## [EXTRACTED RECORDS]
# # #

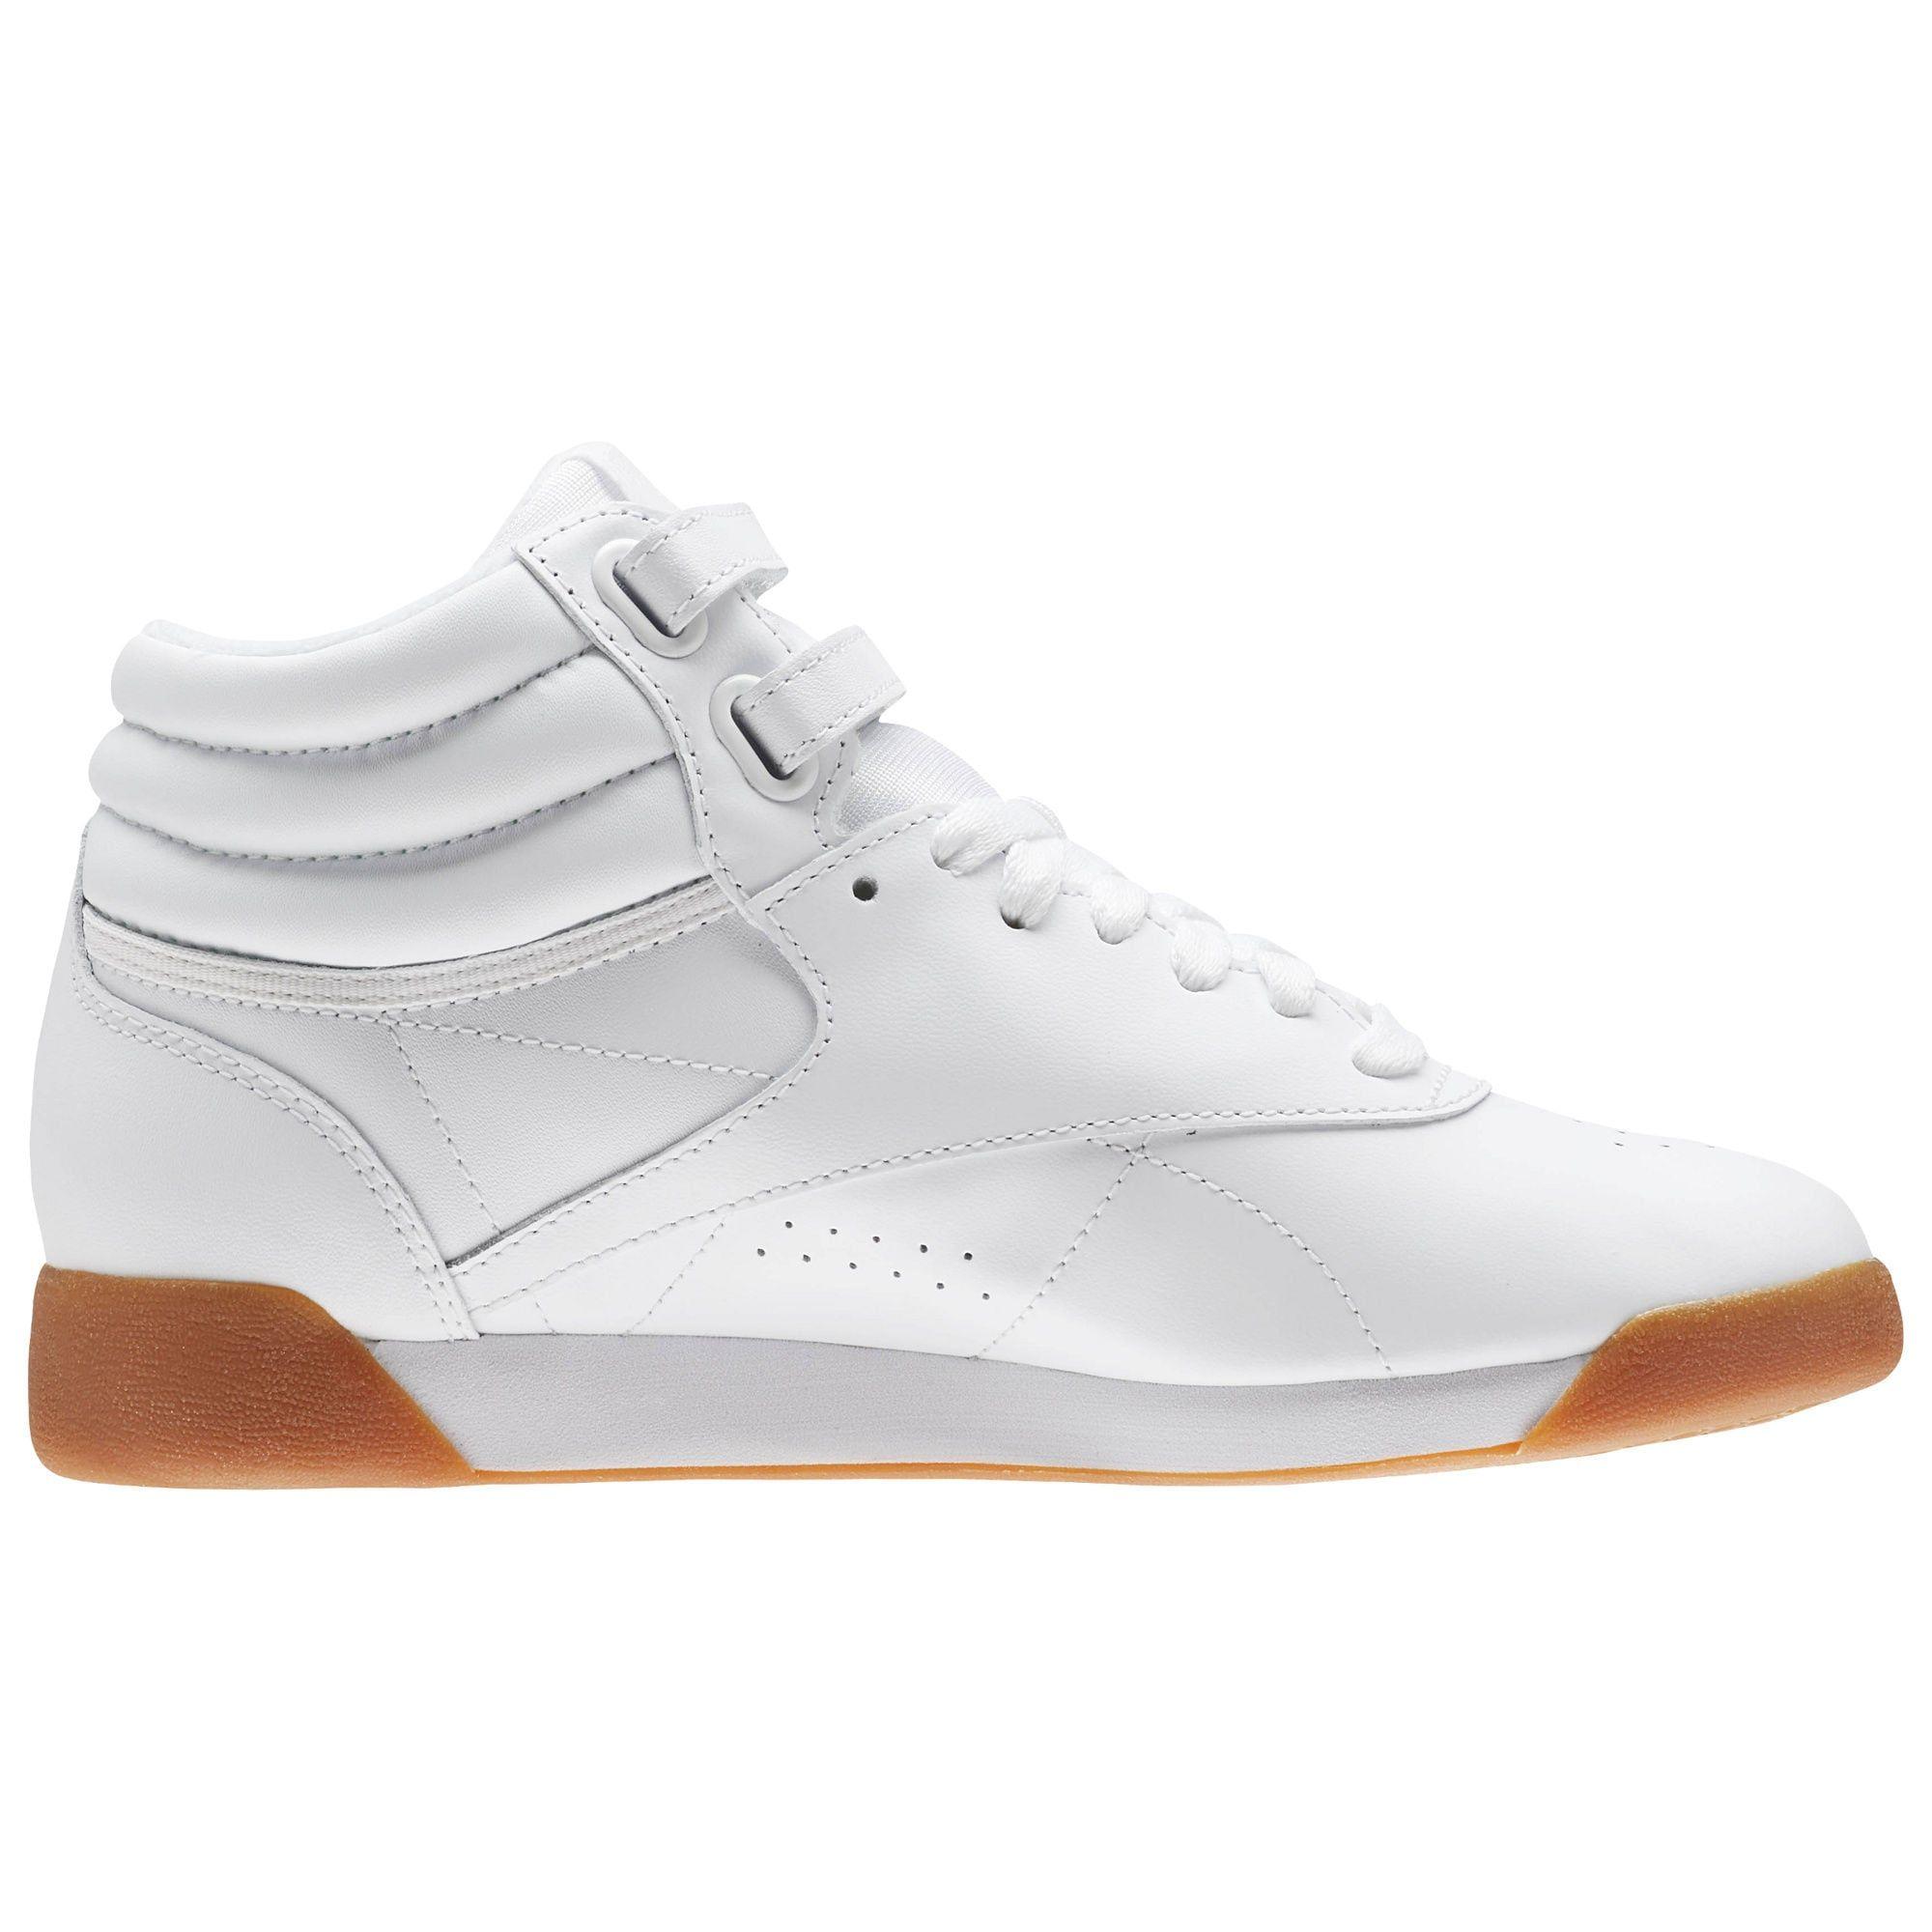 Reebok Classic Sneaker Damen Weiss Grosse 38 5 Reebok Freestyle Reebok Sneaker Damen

# # #

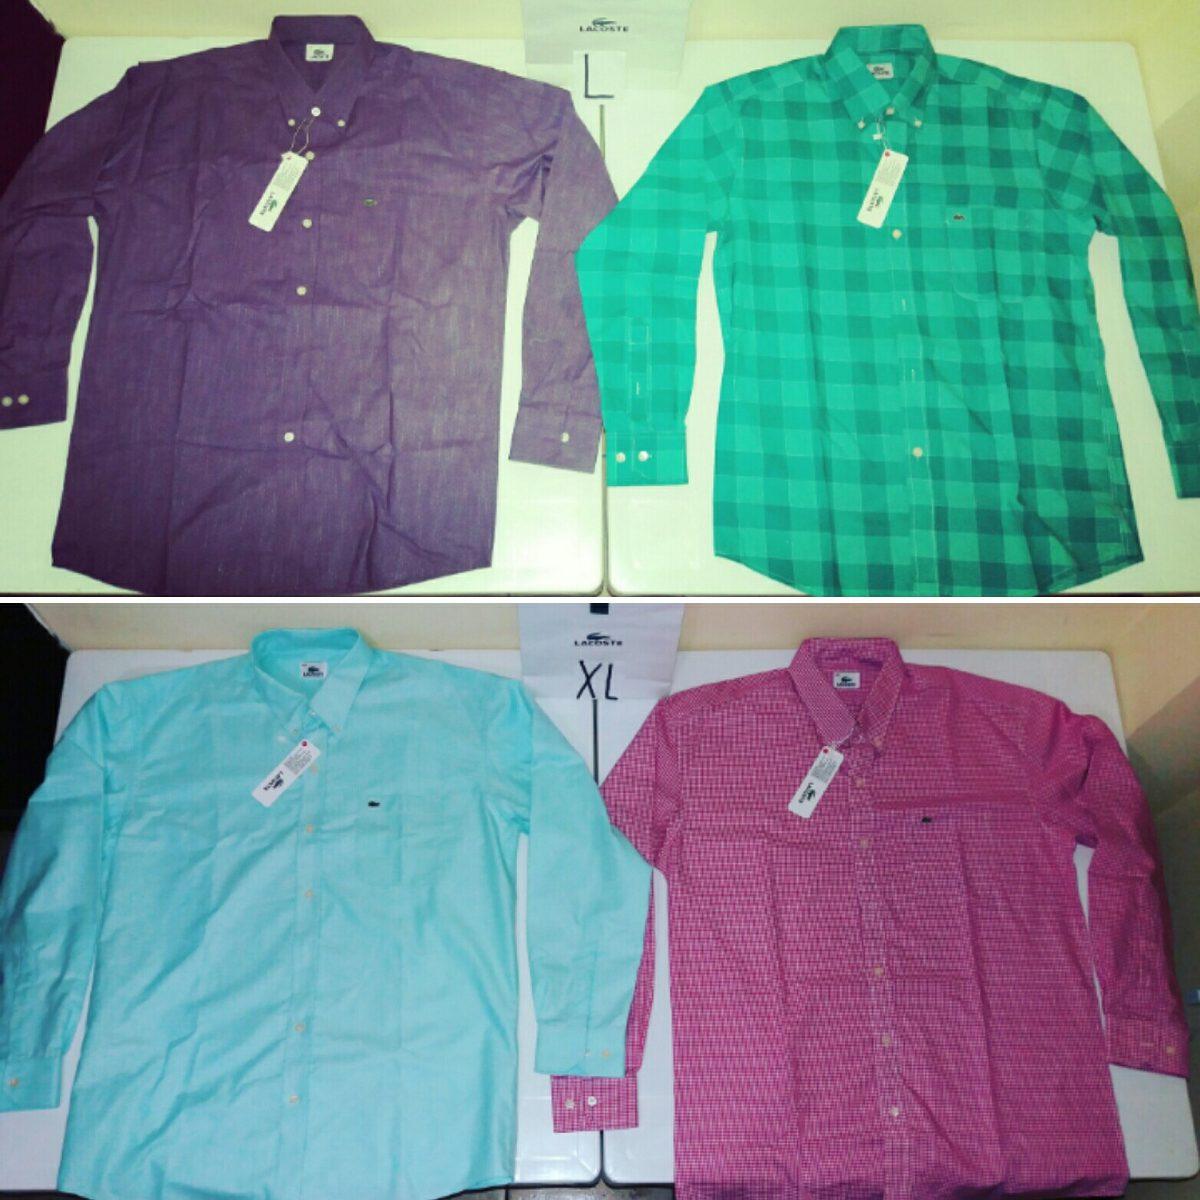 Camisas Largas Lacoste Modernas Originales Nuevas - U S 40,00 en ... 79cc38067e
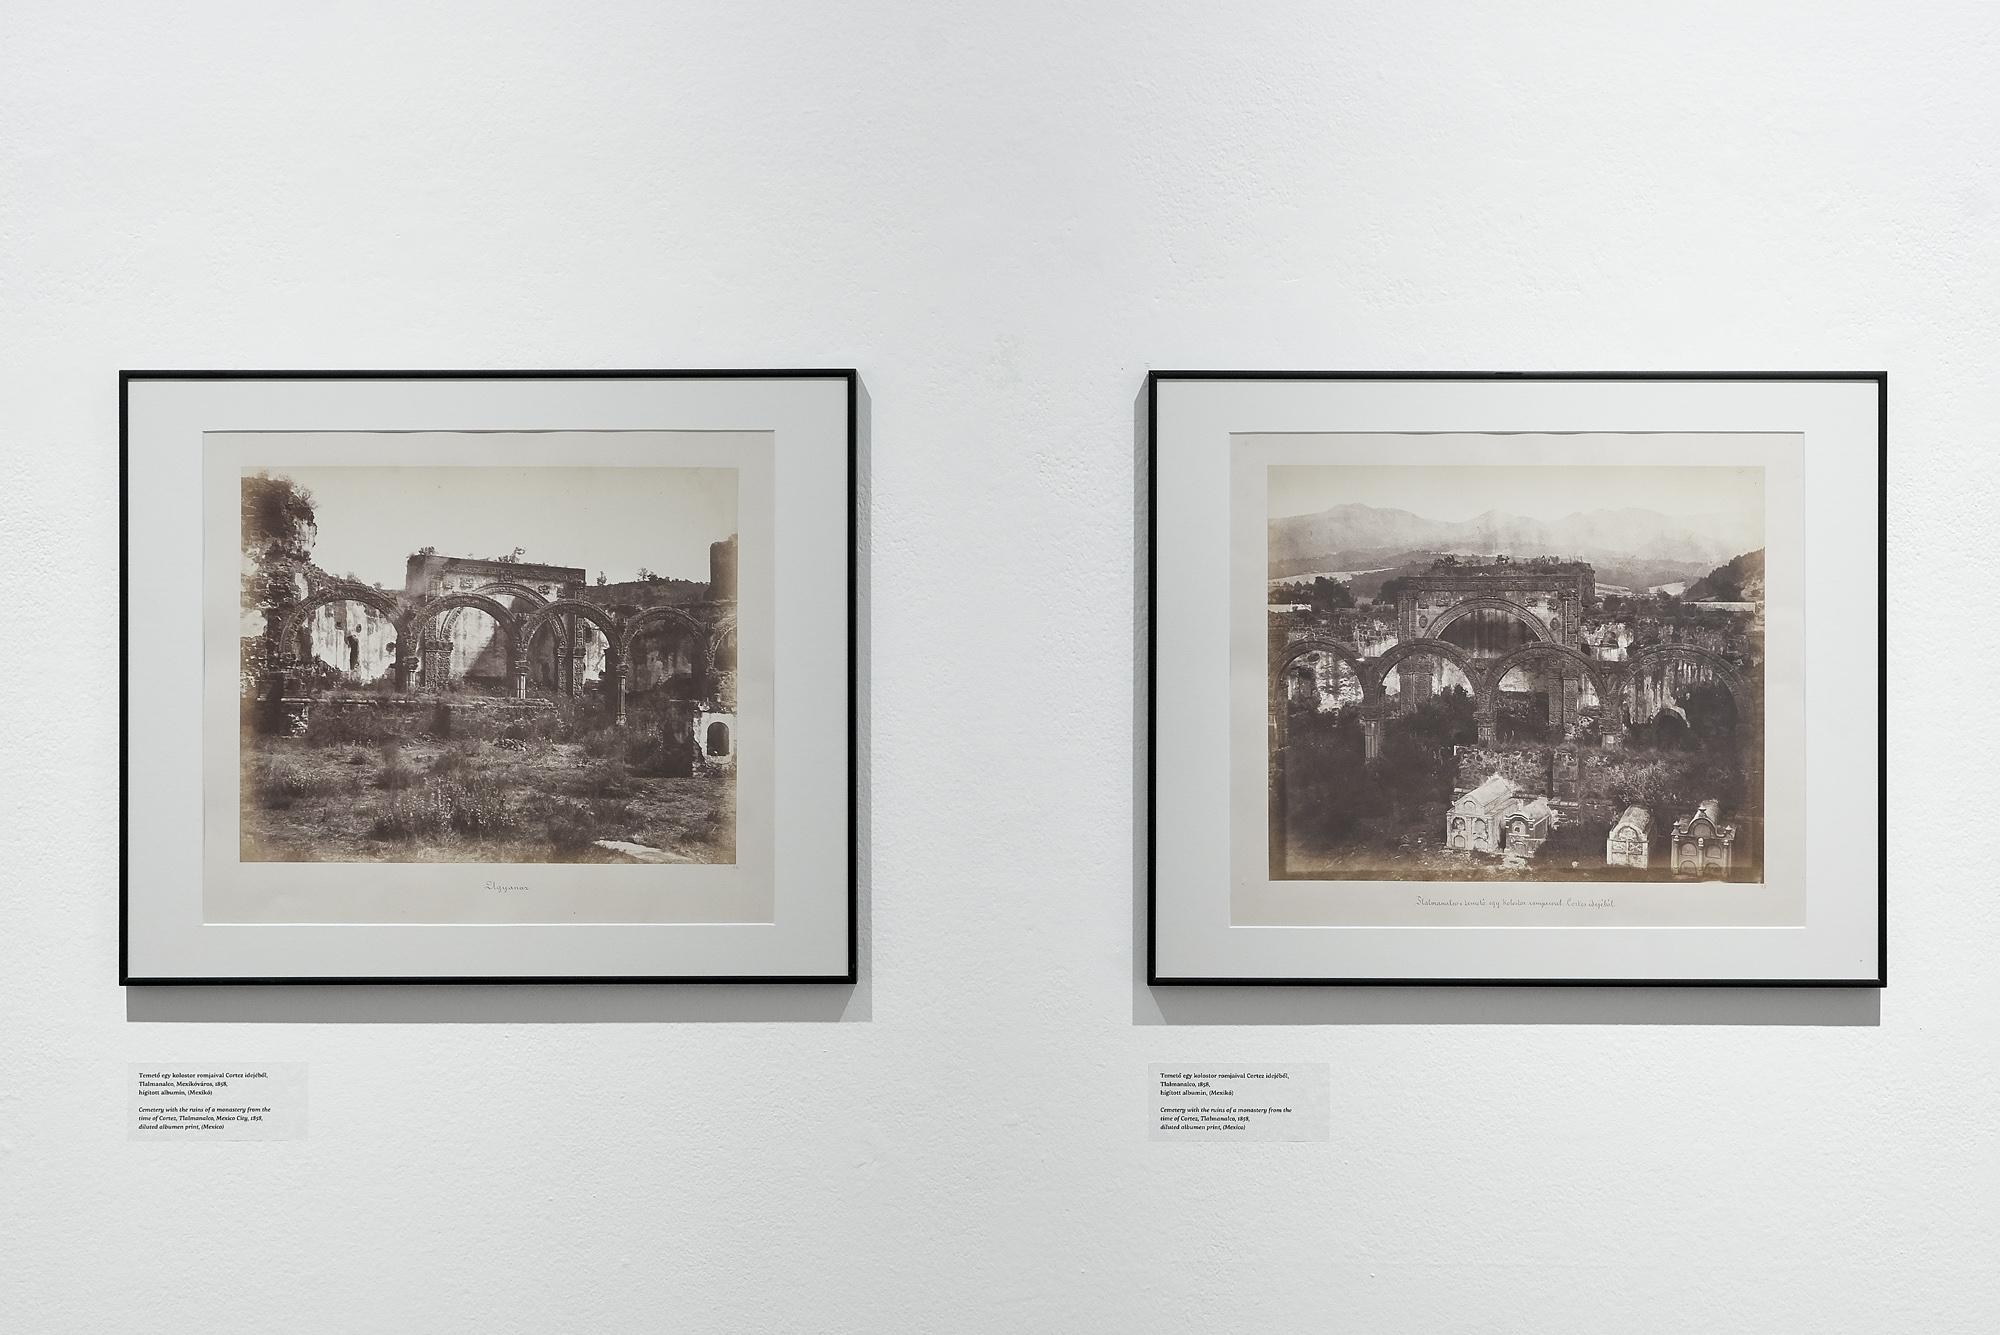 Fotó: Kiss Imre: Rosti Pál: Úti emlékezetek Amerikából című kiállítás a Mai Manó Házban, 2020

# # #

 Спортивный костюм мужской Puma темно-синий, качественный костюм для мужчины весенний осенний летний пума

# # #

## [EXERCISE DIRECTIONS]
Would you copy out, exactly and with no pictures, only the lines above from the one that contains "Camisas Largas Lacoste" through the one that contains "Fotó: Kiss Imre: Rosti"?

## [EXERCISE SOLUTION]
 Camisas Largas Lacoste Modernas Originales Nuevas - U S 40,00 en ... 79cc38067e
 Fotó: Kiss Imre: Rosti Pál: Úti emlékezetek Amerikából című kiállítás a Mai Manó Házban, 2020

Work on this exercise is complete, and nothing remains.